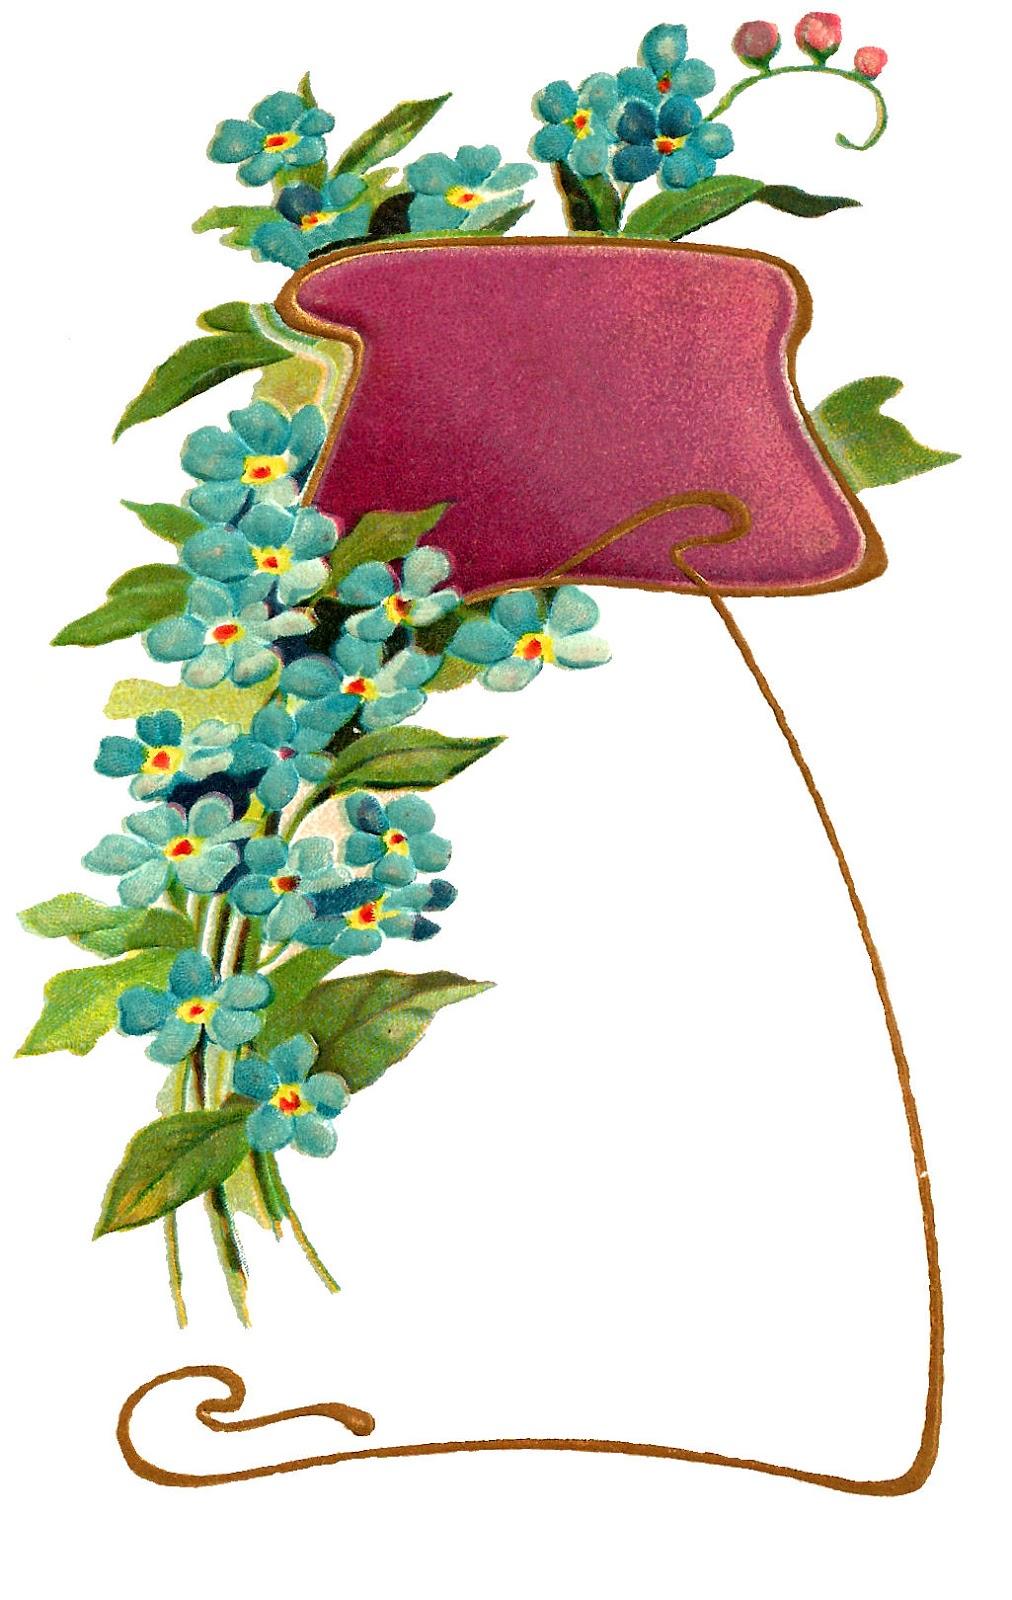 1012x1600 The Graphics Monarch Botanical Art Flower Digital Frame
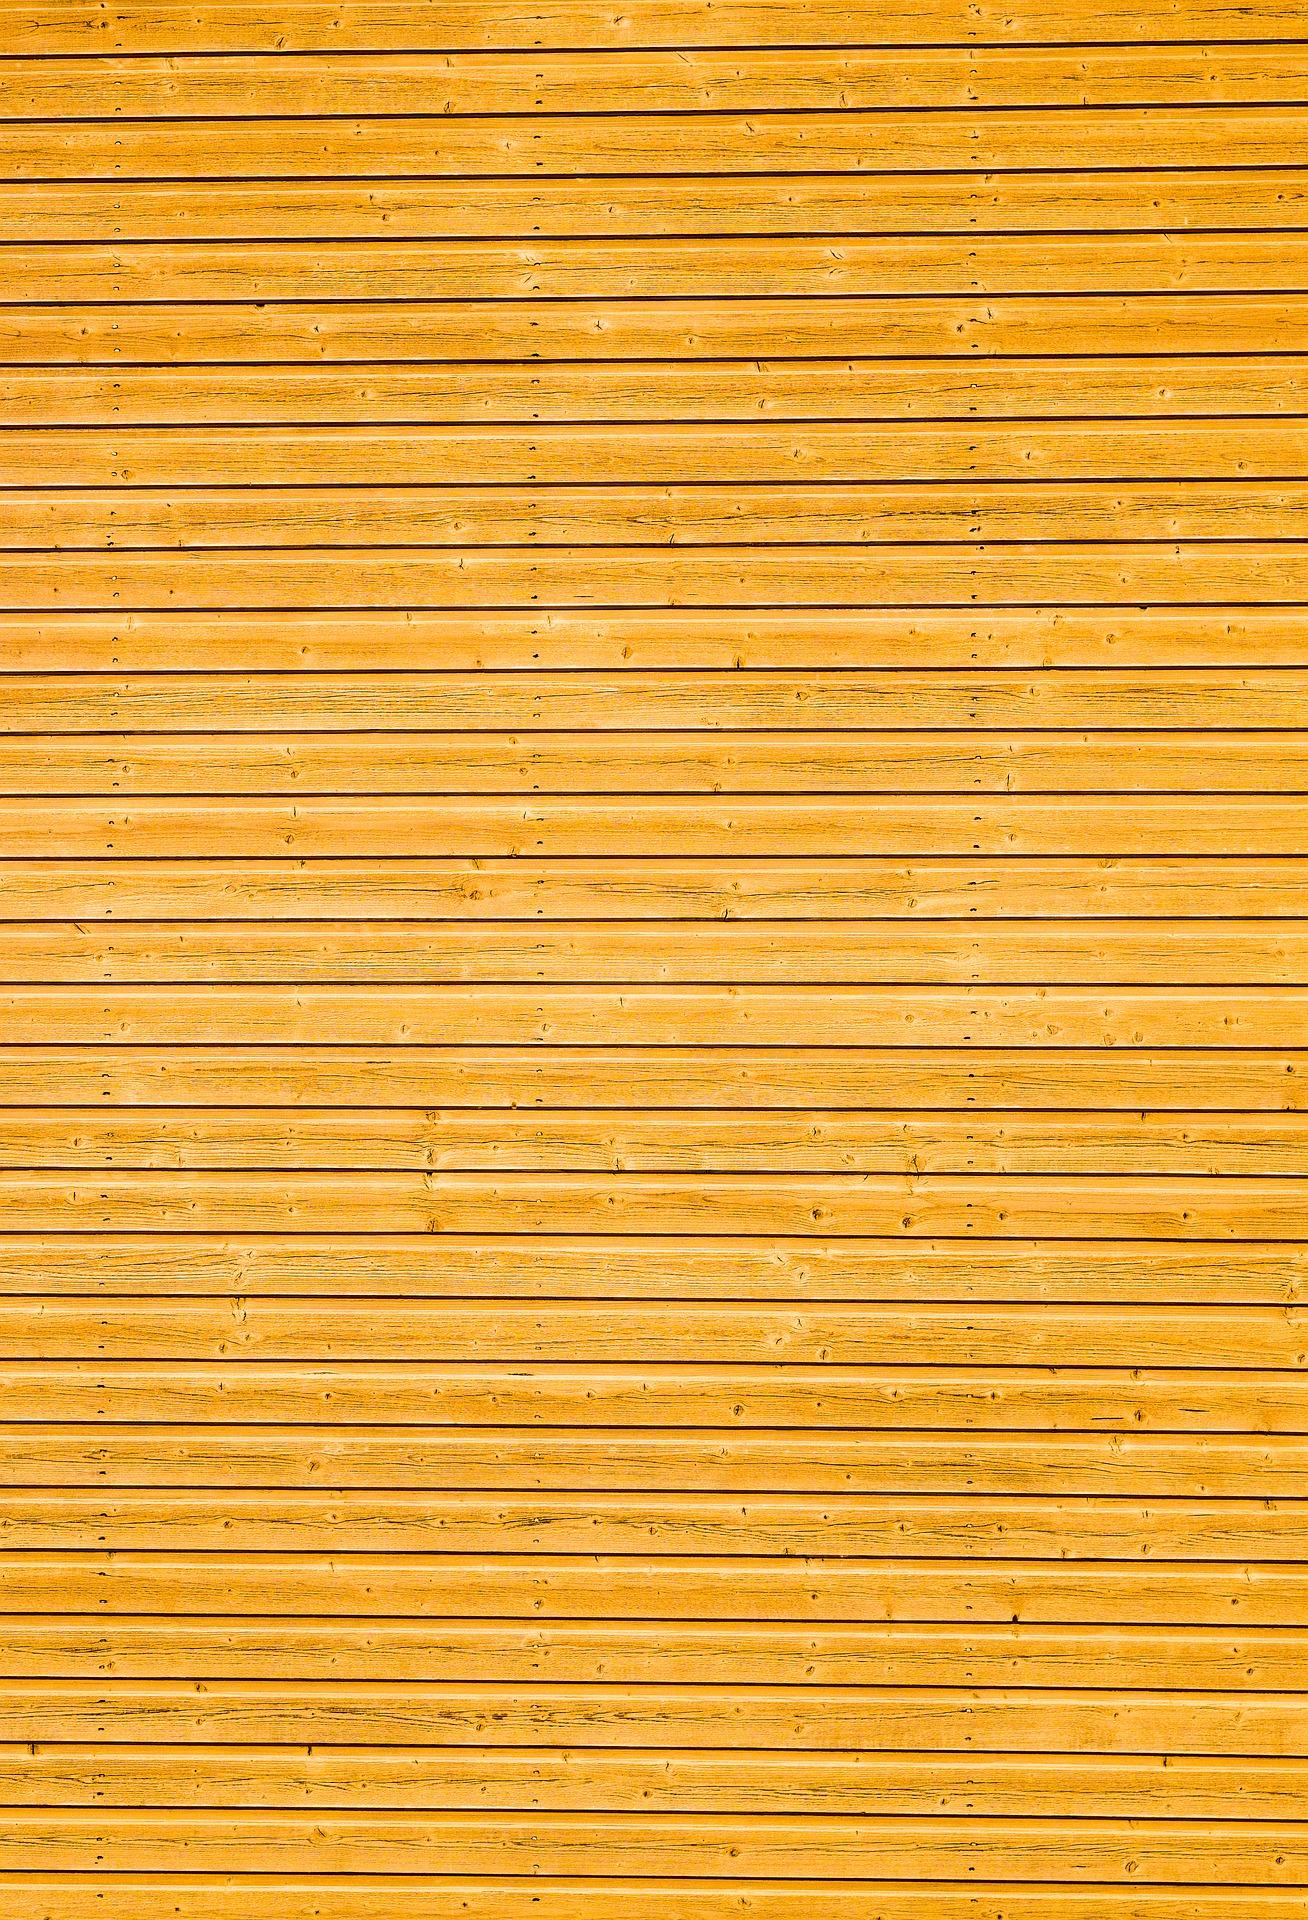 Wooden Wallpaper, Design, Texture, Wallpaper, Wood, HQ Photo
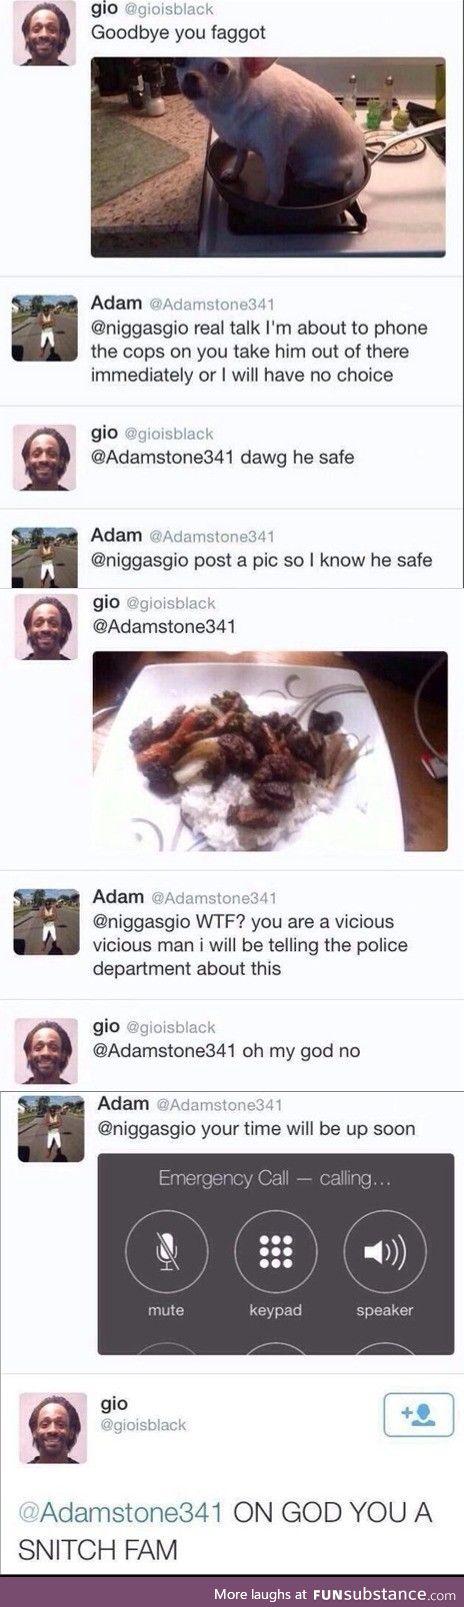 A classic black tweet
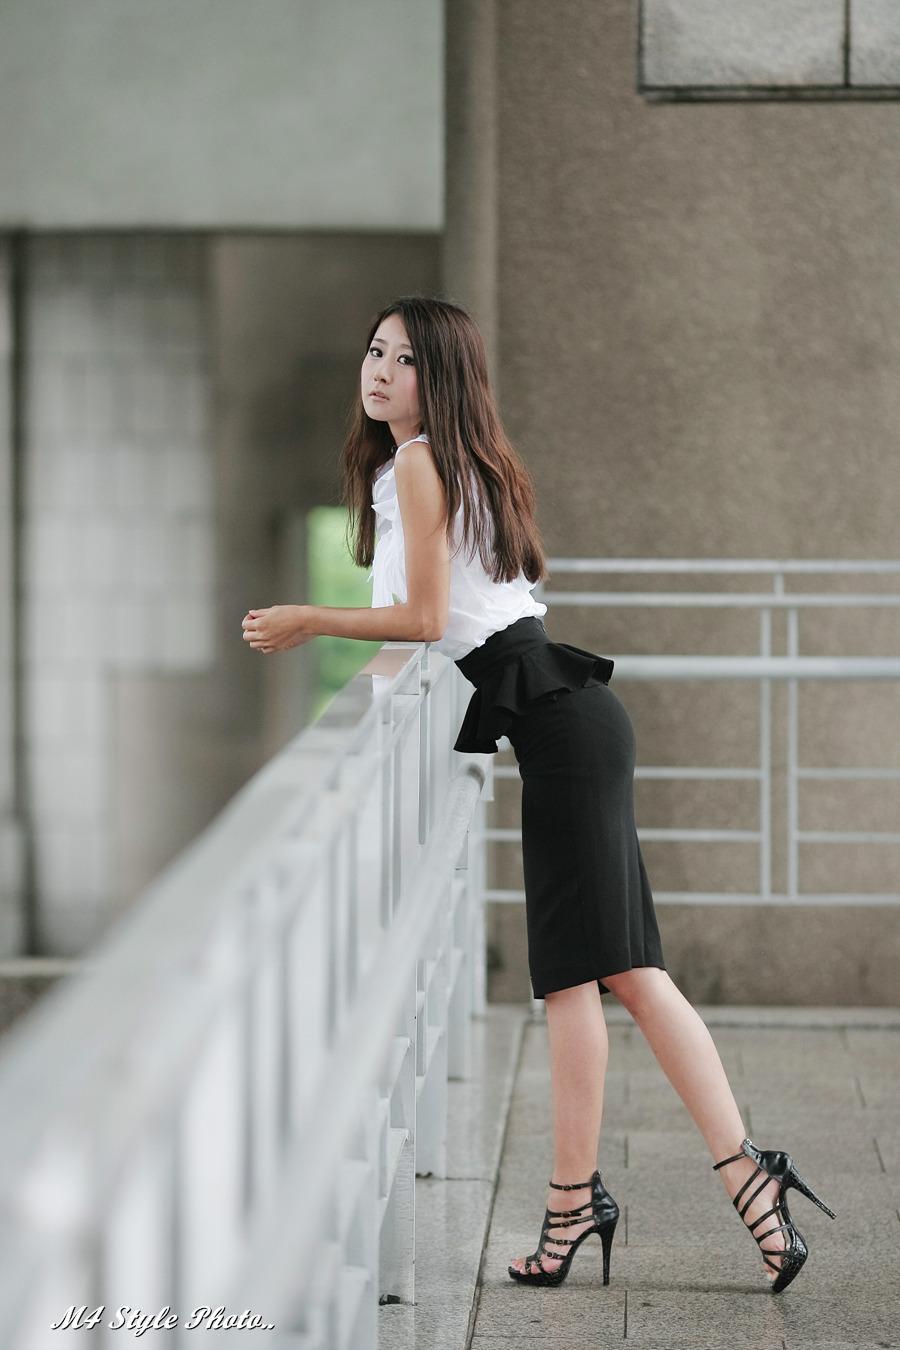 Black Pencil Skirt by ParkLeggyKorean on DeviantArt
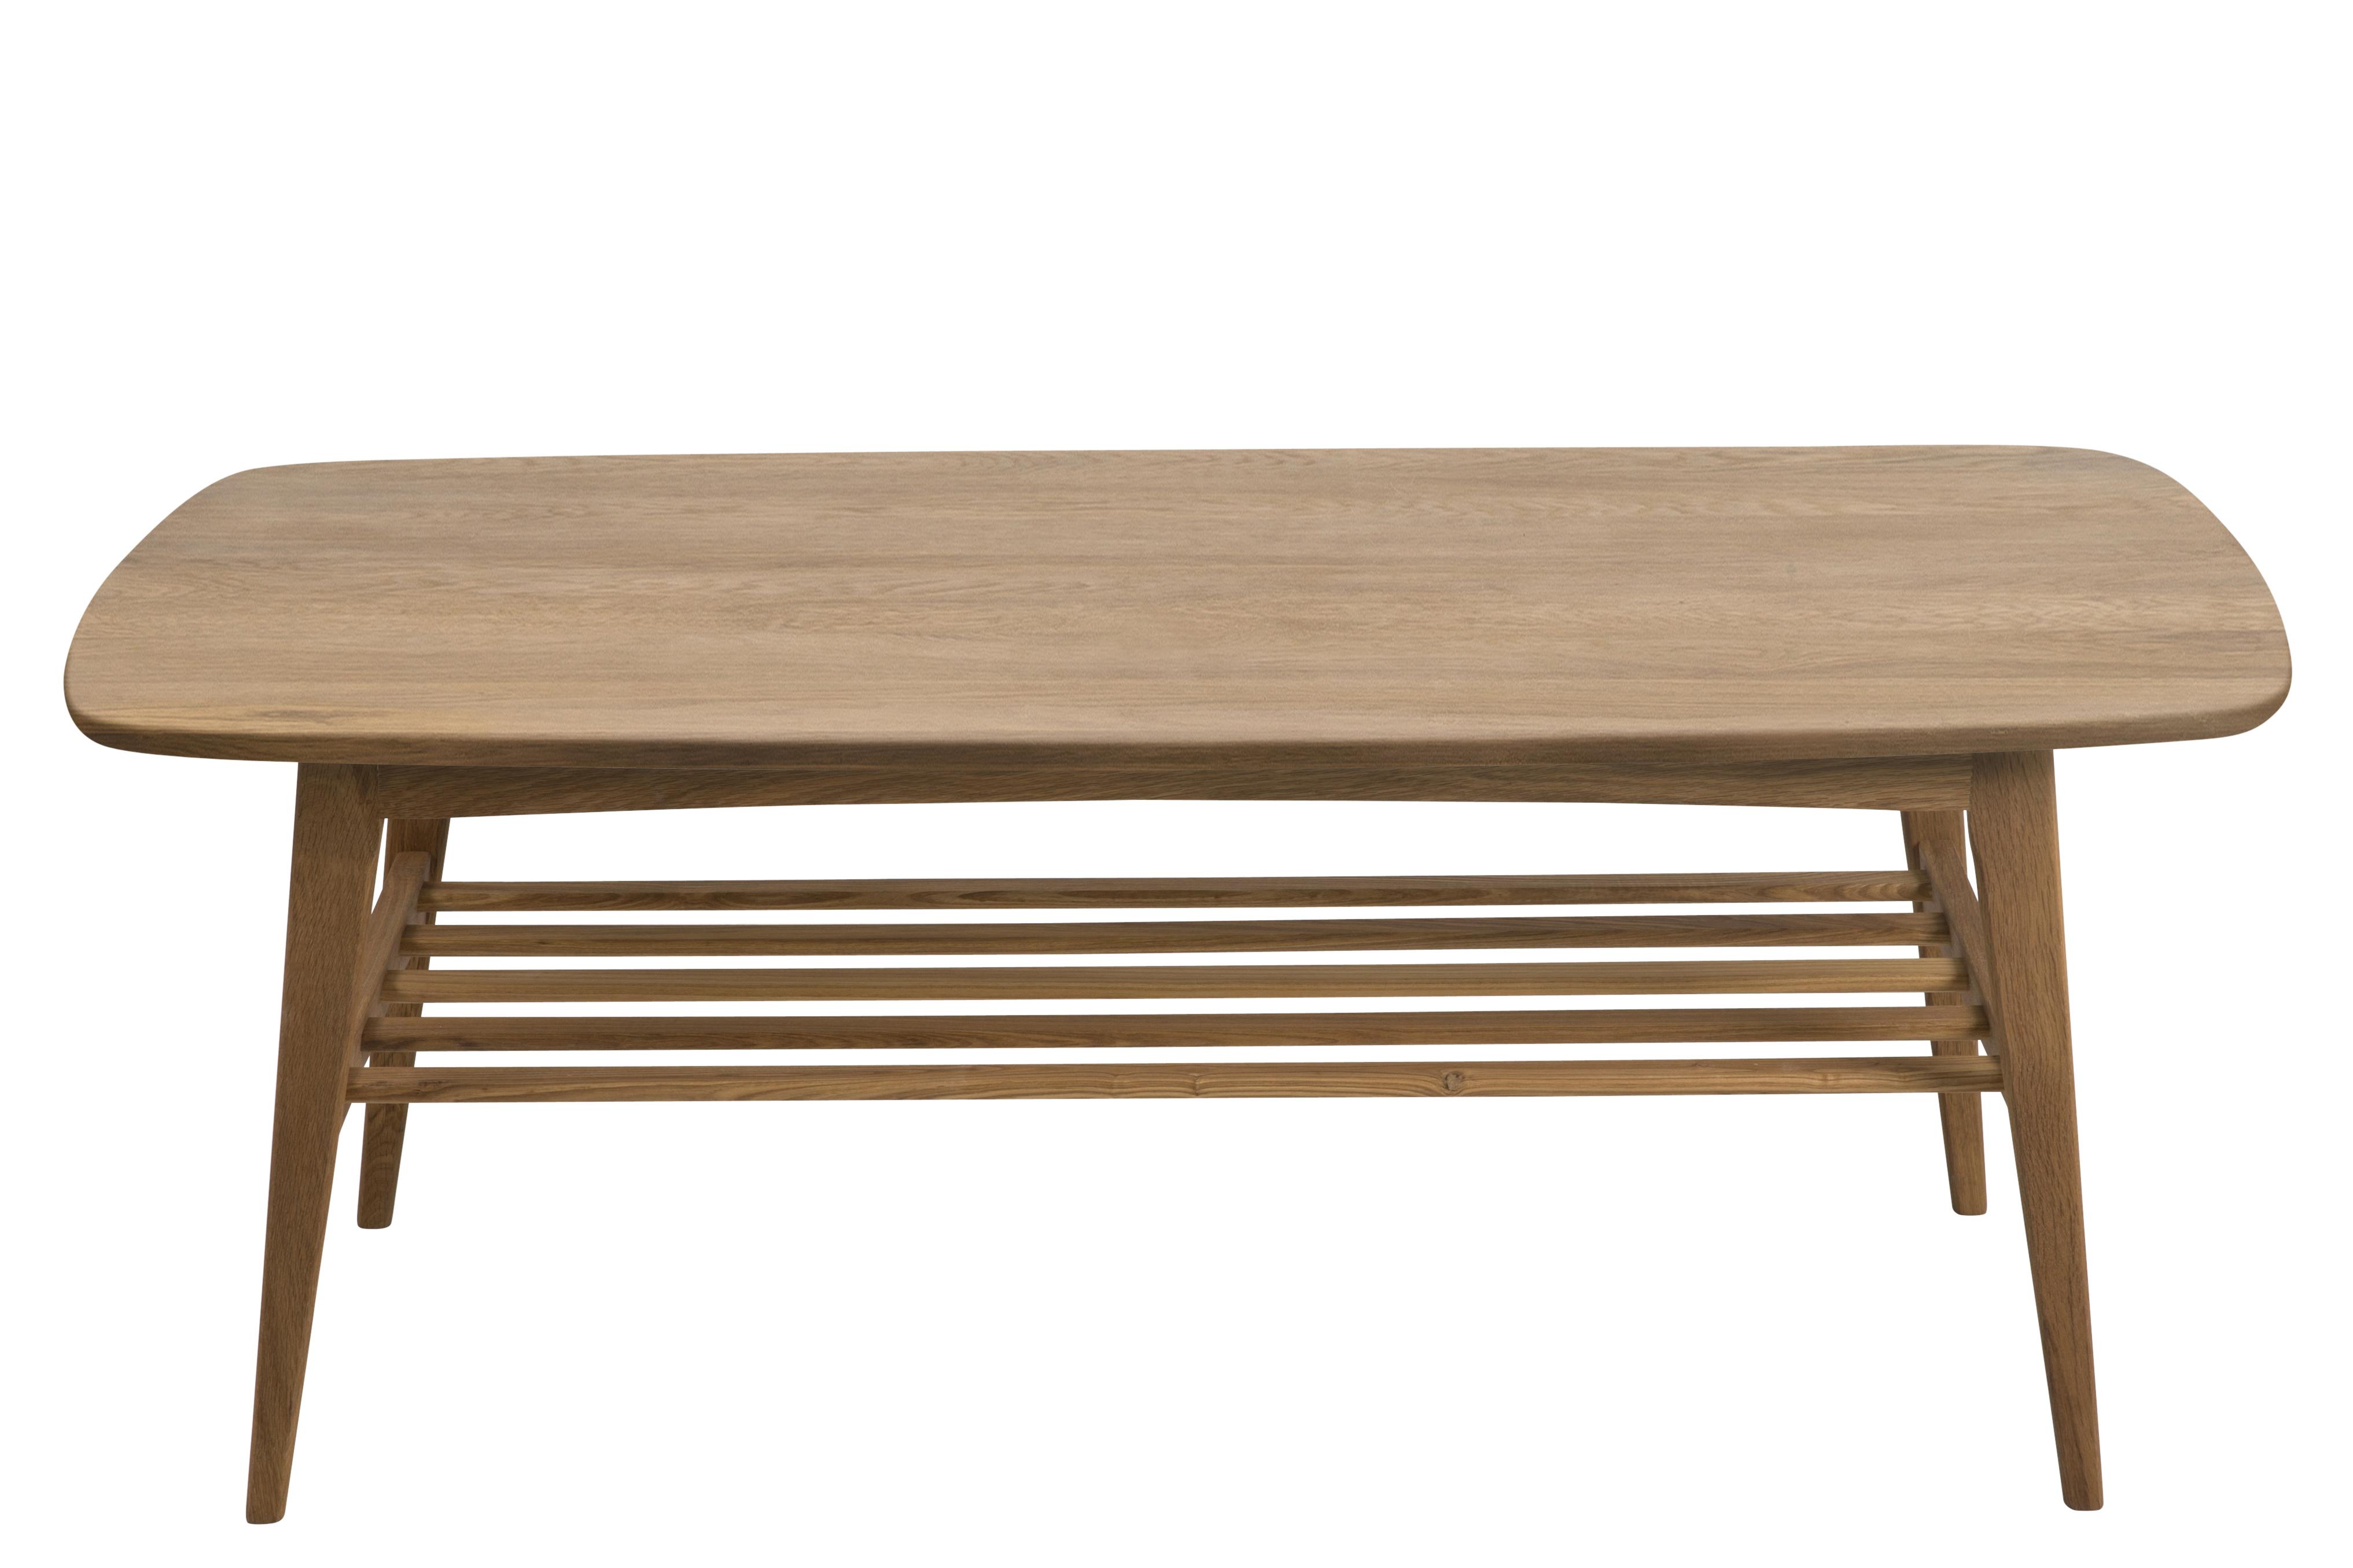 Masa de cafea din lemn si furnir Woodstock, L120xl60xh47 cm
──────
Repeat exactly the lines above, starting at the one that contains "A classic black tweet" and stopping at the last line of the entries, and leave out the pictures.

 A classic black tweet
 Black Pencil Skirt by ParkLeggyKorean on DeviantArt
 Masa de cafea din lemn si furnir Woodstock, L120xl60xh47 cm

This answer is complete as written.